If it is a restomod, how about an LS-2/3 with supercharger and GTO rail covers? Pro touring car would be great with the 572 or LS-3. 505 with supercharger way through the hood is Pro Street, needs tubs and wheelie bars, and a 4 link. I would do the Pro touring route, big brakes, OD tranny, and lots of HP. Fuel injected supercharged LS motor can still knock down 20 MPG and 500+ HP or more, can't beat technology. LSs don't have overheating problems, as they have aluminum blocks and heads that dissipate heat quickly, thus not requiring much for a radiator.
If not LS, I would 572 it, unless you want a huffer through the hood.


----------



## Rukee (Feb 8, 2007)

If you go for the crate motor, you'll always have that thought in the back of your mind.........I coulda had a blower!!:willy::willy:


----------



## Eric Animal (Oct 28, 2007)

The 572 is 650hp outta the box. I forget the torque but it is on the GM performance catalog site.
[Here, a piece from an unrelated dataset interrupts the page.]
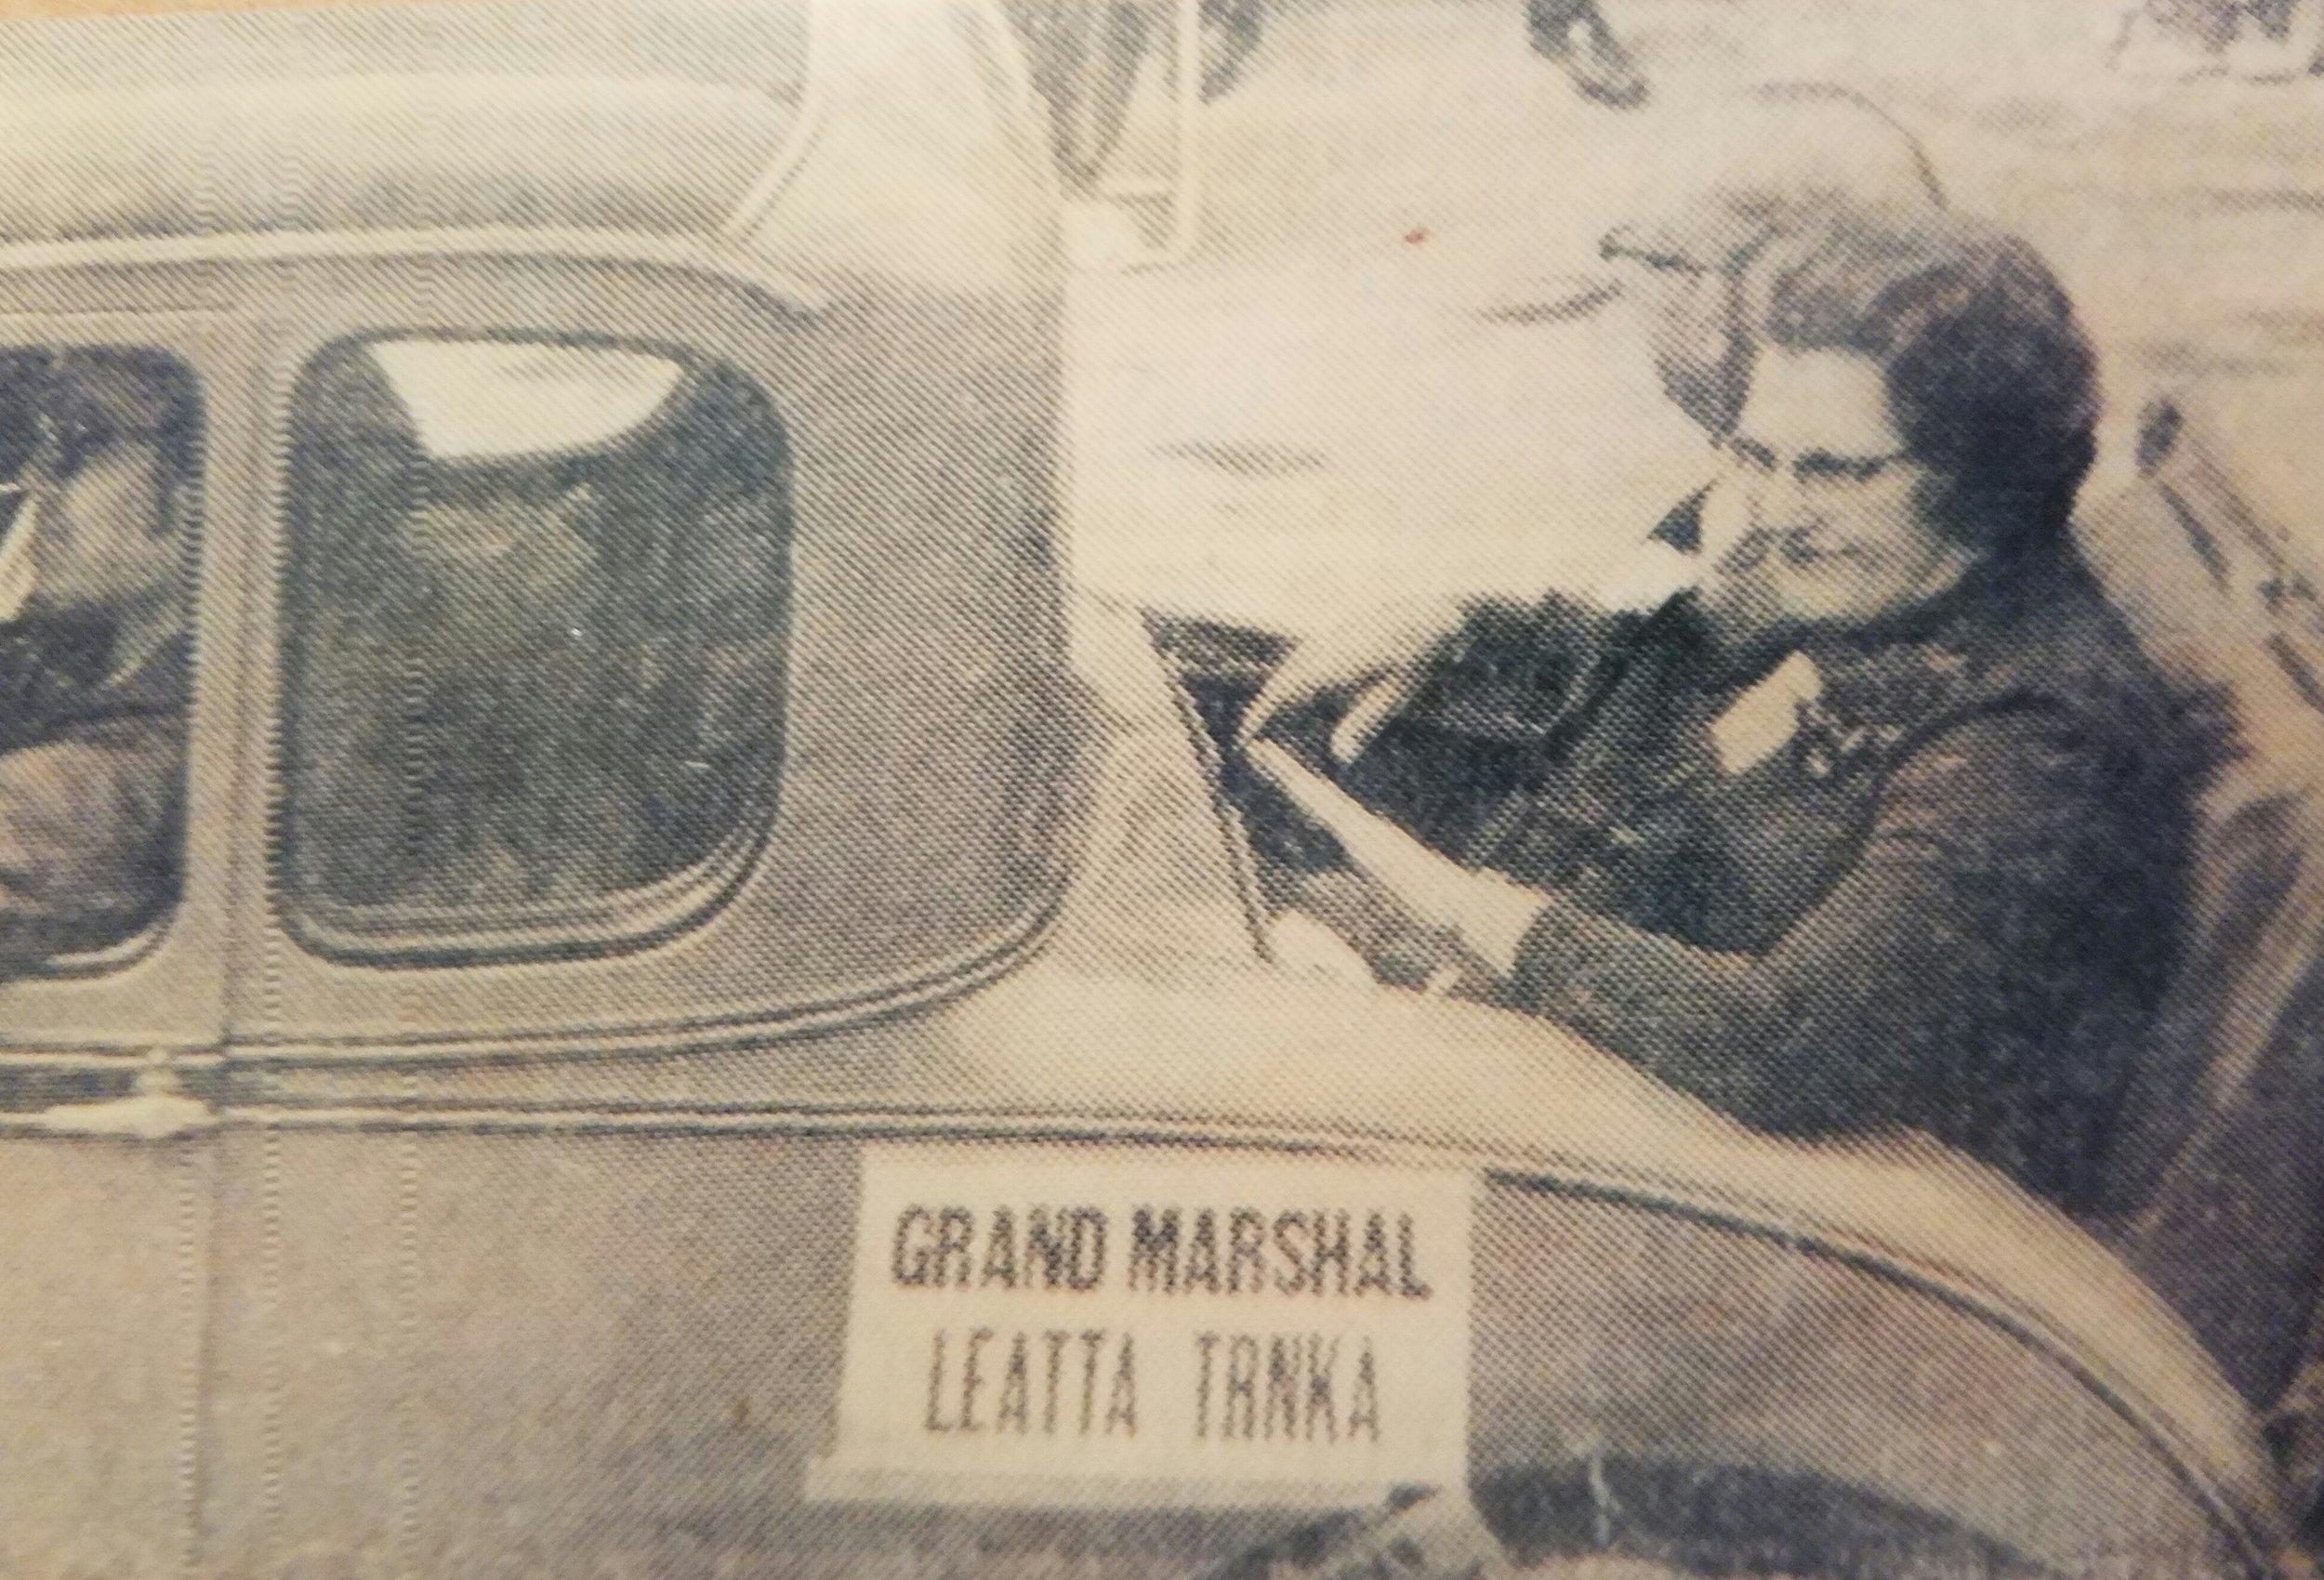 1974 - Mrs. Joe (Leatta) Trnka
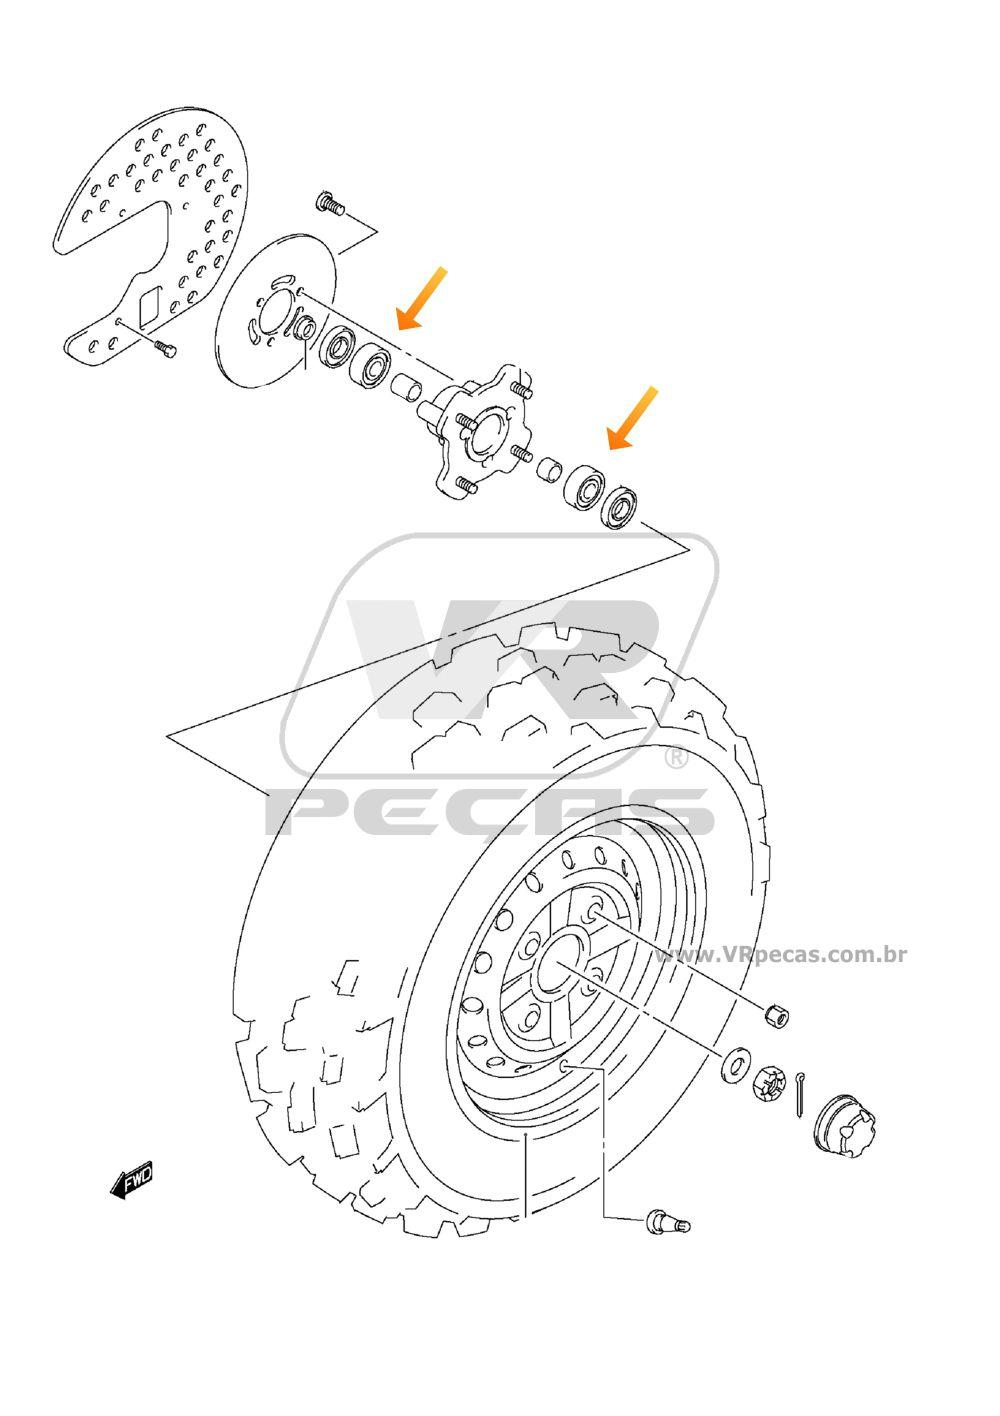 Rolamento de Roda Dianteira SUZUKI Quadrunner 2001-2004

The whole LS thing is too "electronic" and new school for me. You guys are right, and 8k is a lot of coin. BUT....I love the blower thru the hood look, and I'm afraid I'll spend my old age sittin' on the porch telling the story about the time I almost had a blower (Rukee). 
I feel like the guy in Animal House...with the Devil on one shoulder (blower motor) and the angel on the other (sensible crate motor) !!!!! :willy:

PS blower motor= about 780HP


----------



## Eric Animal (Oct 28, 2007)

Here is a pic of the "505 SC"


----------



## crustysack (Oct 5, 2008)

Cmon Eric "too electronic" your buying a pro touring chassis, might as well enter the new millenium with an LS7 and twin turbo it, LS7 about 550 hp APS twin turbo kit 1100 hp :willy:- put that in your chassis and smoke it:cheers
and no polished aluminum to worry about


----------



## Eric Animal (Oct 28, 2007)

Where would I get one of those?


----------



## Rukee (Feb 8, 2007)

/me gets popcorn


----------



## 68greengoat (Sep 15, 2005)




----------



## crustysack (Oct 5, 2008)

19211710 - 2009 Corvette Z06 LS7 Crate Engine 505 HP! - 19211710
APS Products - North American Specification Vehicles
2 or 3 phone calls gets it delivered


----------



## 66tempestGT (Nov 28, 2009)

i kind of like this one....

SAR 762 CU. IN. 5.000" BORE SPACING 1150 HP RACING ENGINE

but if you dont mind buying a little racing gas

EXTREME PRO STOCK 932 CU. IN. 2140 HP RACING ENGINE - Sonny's Racing Engines

but seriously if i was going with the blower i wouldnt bother going balls out for the engine. a basically stock 455 with a blower will run circles around the naturally aspirated 572. just make sure to run an aftermarket crankshaft. mostly for the stronger snout. 5 grand should get a sweet 455 then add the blower and accesories. im not a purist but given these 2 choices the poncho gets my vote. :cheers


----------



## 66tempestGT (Nov 28, 2009)

crustysack said:


> 19211710 - 2009 Corvette Z06 LS7 Crate Engine 505 HP! - 19211710
> APS Products - North American Specification Vehicles
> 2 or 3 phone calls gets it delivered


im all for technology but he better sell a couple more gtos to buy this stuff.:lol:


----------



## Eric Animal (Oct 28, 2007)

I am suprised by the lack of "go pontiac" responses....to me it's either the 505 IAII SC or the 572 Chevy crate. Although I do like multiple carbs.....I suppose I could put dual quads on the Chevy. I really am enamoured by that blower motor...the Chevy is one phone call and "poof" instant engine!............my brain hurts


----------



## 66tempestGT (Nov 28, 2009)

my concern with the blower would be drivability. you didnt say how much power the 505 makes naturally aspirated but i bet it makes almost the same torque as the 572. do you run into issues with the blower and things like the a/c compressor?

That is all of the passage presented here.